«Иех, — говорит. — Действуйте, товарищи, согласно букве и параграфу артельного устава». Тут все и закрутилось. Сначала Ивана Немчишкина за прогул на правлении отодрали. А какой там прогул, ежели он по улыбинскому заданию накладные в столовой проверял? Затем Елизара Савченкова ославили. Внук у него — шалопут. В колхозном саду яблоки таскал. По такому случаю сыну Елизара в ссуде на дом отказали. Говорят, погодить надо, первоначально внука к нашим порядкам приучи. Дягилев-то не дурак, с умом действовал.
Неожиданно старик дернулся; было видно, как рогатина, прилаженная к развесистой иве, вдруг закрутилась.
— Взяла, шельма, — сказал ласково старик. — На протоку поволокла.
И Максим, захваченный азартом удачи, уже вертелся вокруг старика, пробовал натянутую лесу, хватал мокрый подсадчик и все не знал, где ему встать, чтоб непременно помочь деду.
Щука оказалась небольшой, килограмма на два с половиной, вскинулась над водой, дед ловко выхватил ее, и через секунду она трепыхалась среди плоской колючей осоки.

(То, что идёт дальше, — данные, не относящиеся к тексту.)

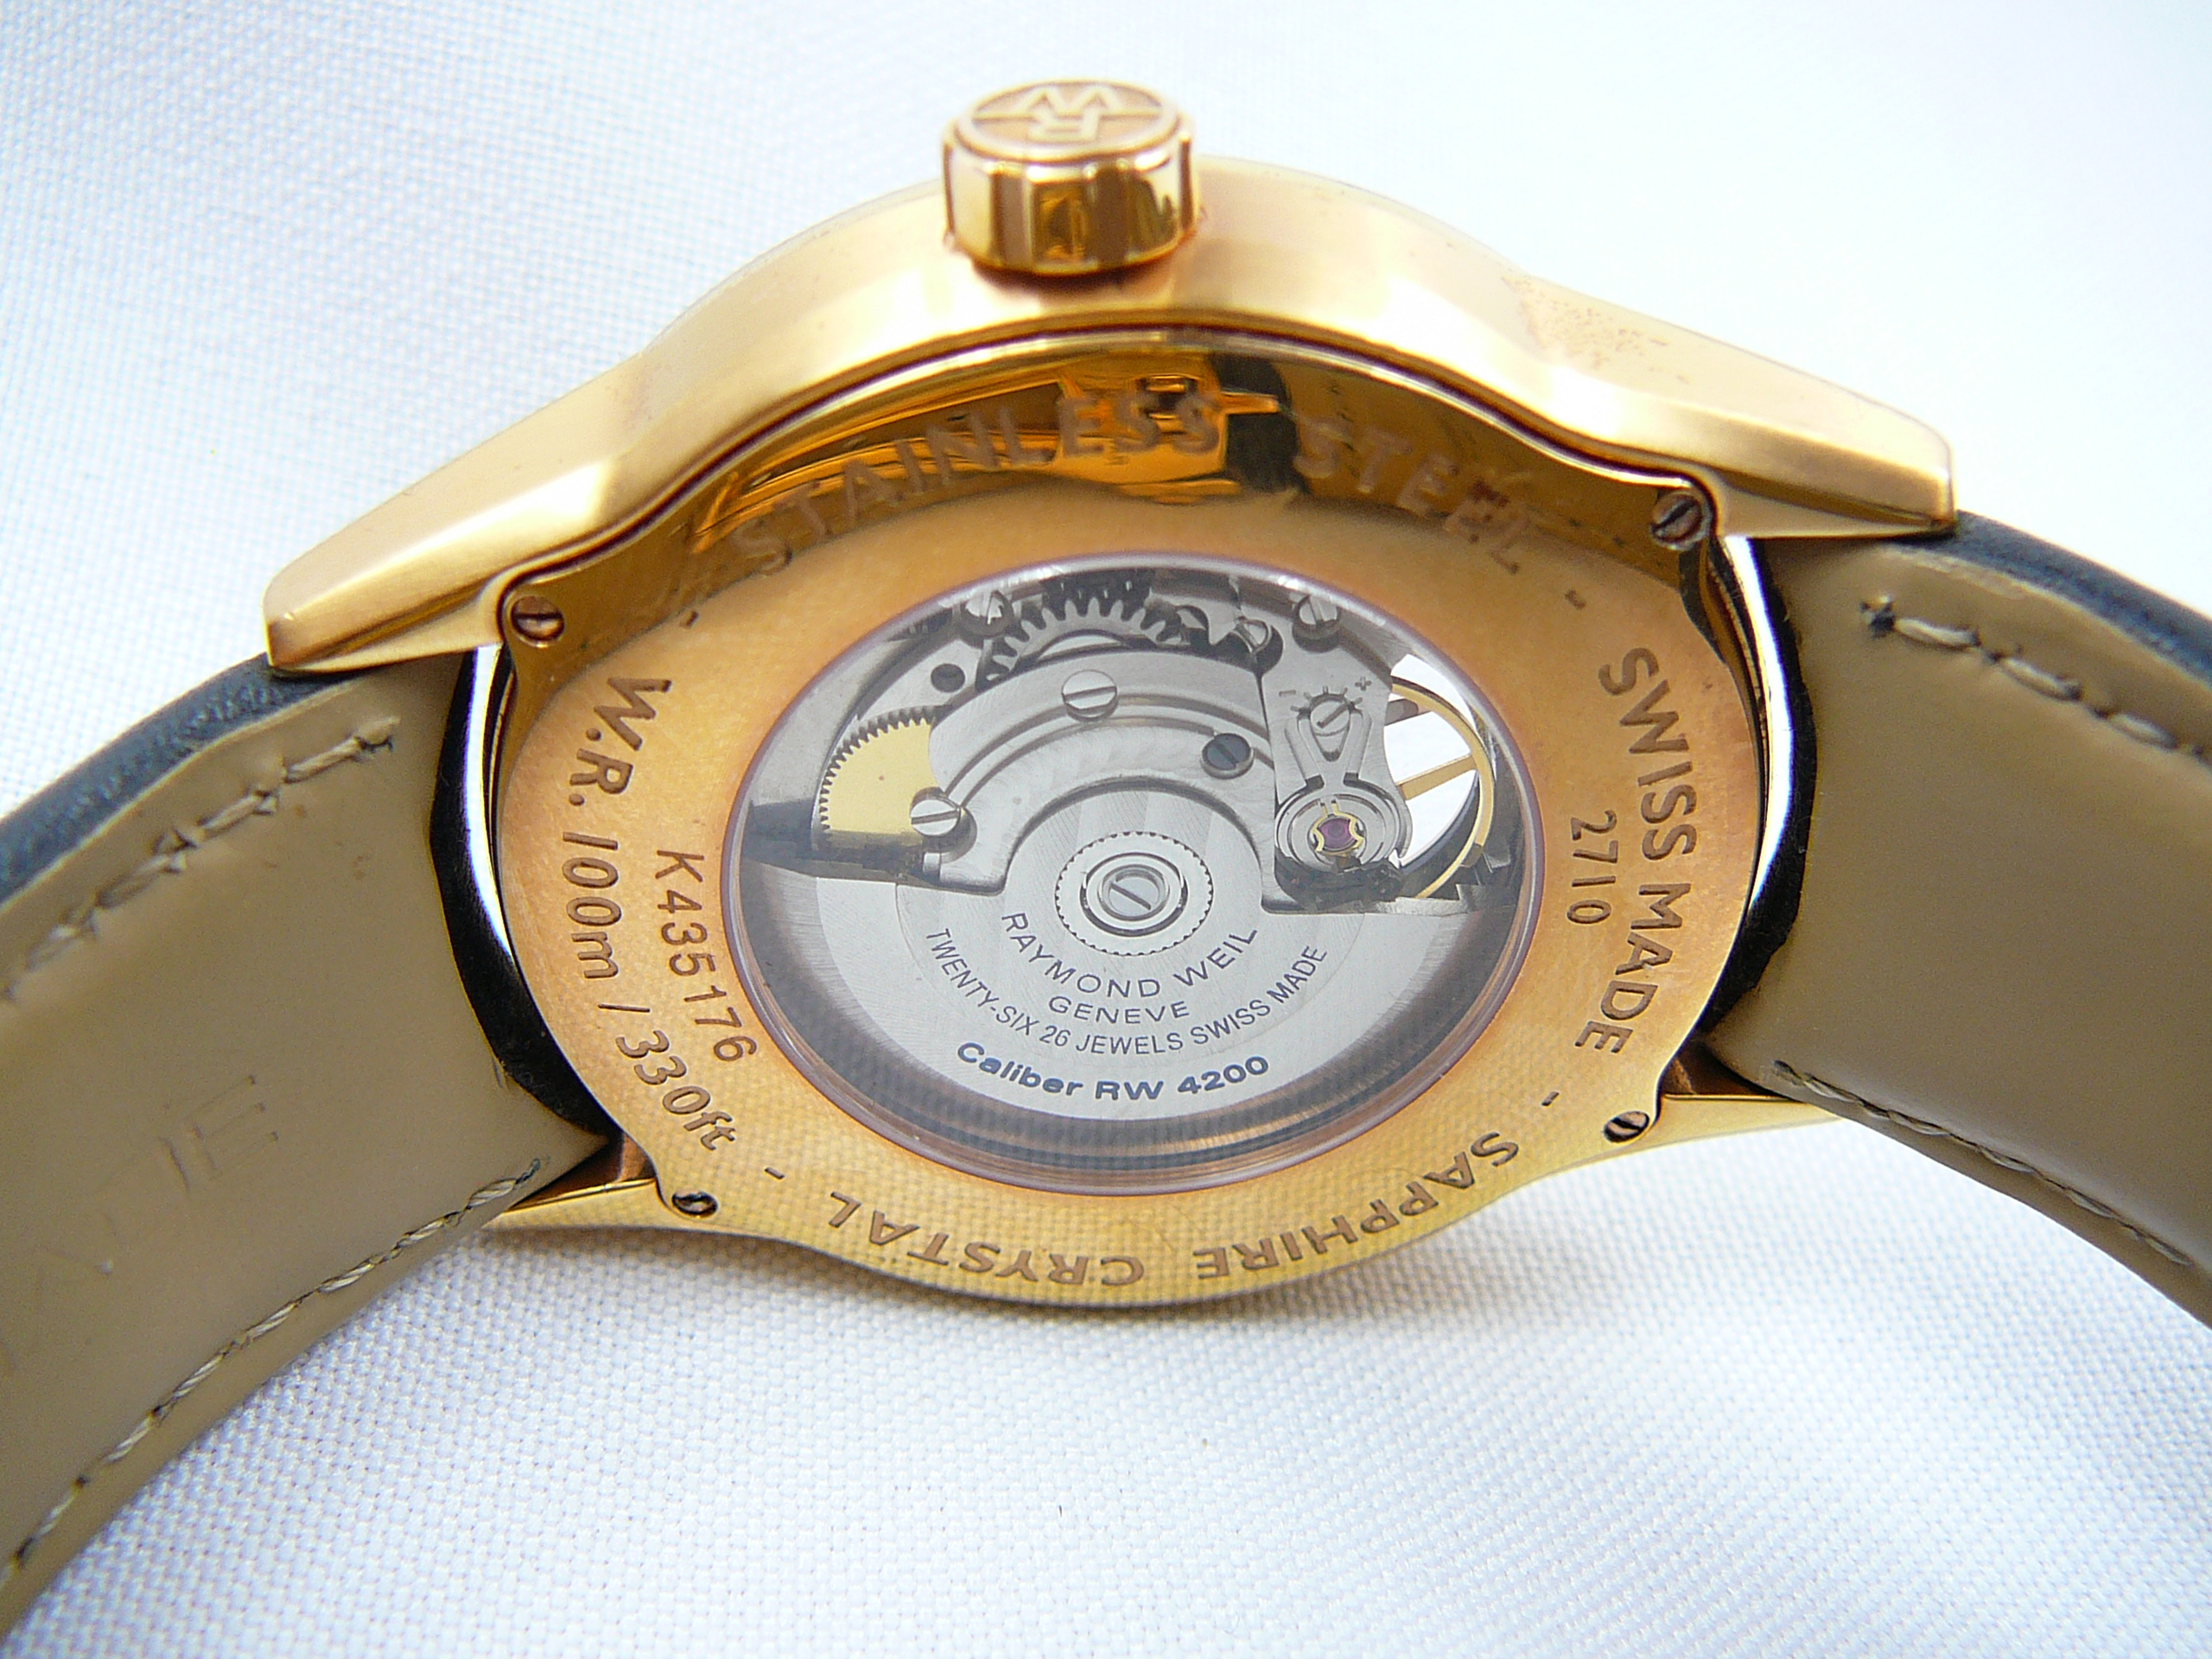 Gents Raymond Weil wrist watch - Image 3 of 3

Волнение скоро улеглось, нажива налажена по новой, и старик как ни в чем не бывало говорит неторопливо, обыкновенно:
— Не из простаков Дягилев, нет. Его на телеге не объедешь. В общем, разладил он ребят, получилось, что нет меж нас общего уговора, кто куда глядит. Что, говорят, нам больше всех нужно? Хозяин лютует, глядишь, ненароком и нас зашибет. Одному сена надо, другому — дранки на крышу. Мало ли забот? Как ни крути, все тропочки к председателю. Федя прямо-таки взвился. «Крохоборы, — кричит, — помет телячий! Как клопы, разбегаетесь. Эх, вы! Наше дело правое. Мы не о себе, о народе, его благополучии пекемся. Дягилев боится нас, поэтому и лютует».

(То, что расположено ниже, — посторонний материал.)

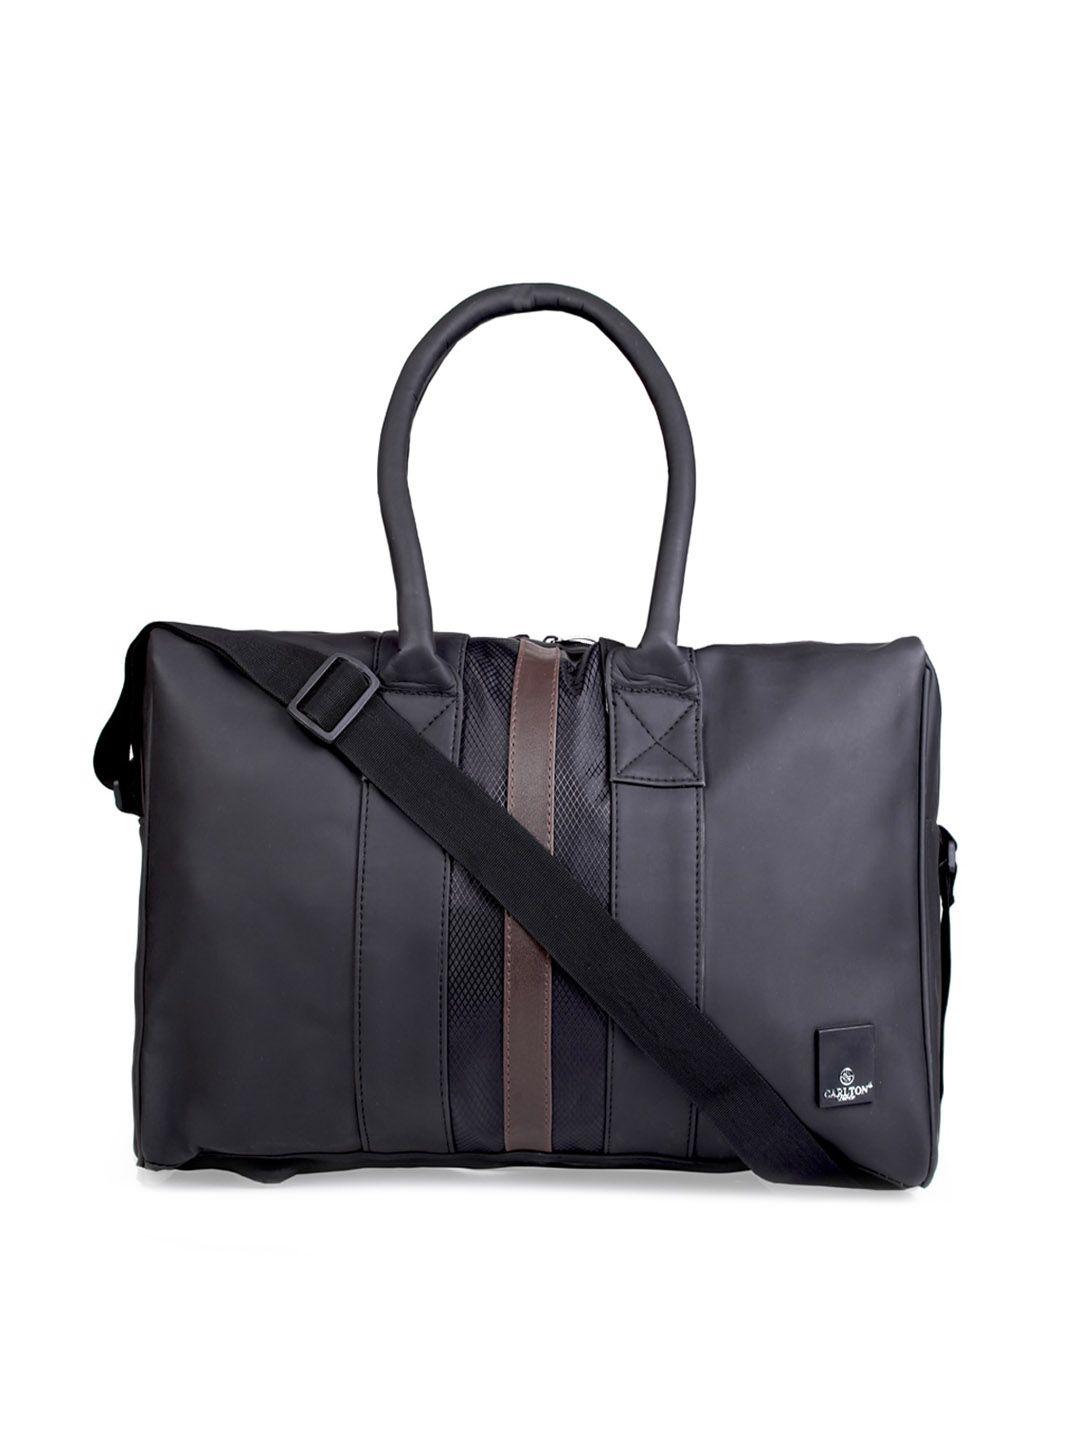 carlton-london-textured-leather-duffel-bag

Тут Иван Немчишкин, которого за прогул стукнули, возьми да и ляпни: «Знай я раньше, что ты от испуга из нас лыко вил, глядишь, чего-нибудь и выгадал бы». Федю как косой срезало. Махнул рукой: «Шагайте, дерьмо собачье». Так и расшилась наша рогожка, вот.
— Видать, нитки гнилыми были.
Старик покачал головой, очки болтались на шнурке, а он хлопал себя по карману, все искал их, пока не задел шнурок пальцем, усмехнулся:
— Нитки были хороши. Не схотел народ с Улыбиным шубу шить. Так ему и сказали: «Чтой-то ты ране об народе не страдал. И в хвост и в гриву распекал. Окромя твоей правды, у тебя иной не было. А как сам народом стал, зашебуршился. Может, и надо Дягилева вразумить. Да не твоим кулаком, Федор Акимыч». Это мы ему за все: и за клопов, и за помет телячий. «Плевать, — говорит, — хотел. Сам драться буду». Вот и пононе дерется. А веры нет. Растряс он веру-то кулаками пудовыми, растряс.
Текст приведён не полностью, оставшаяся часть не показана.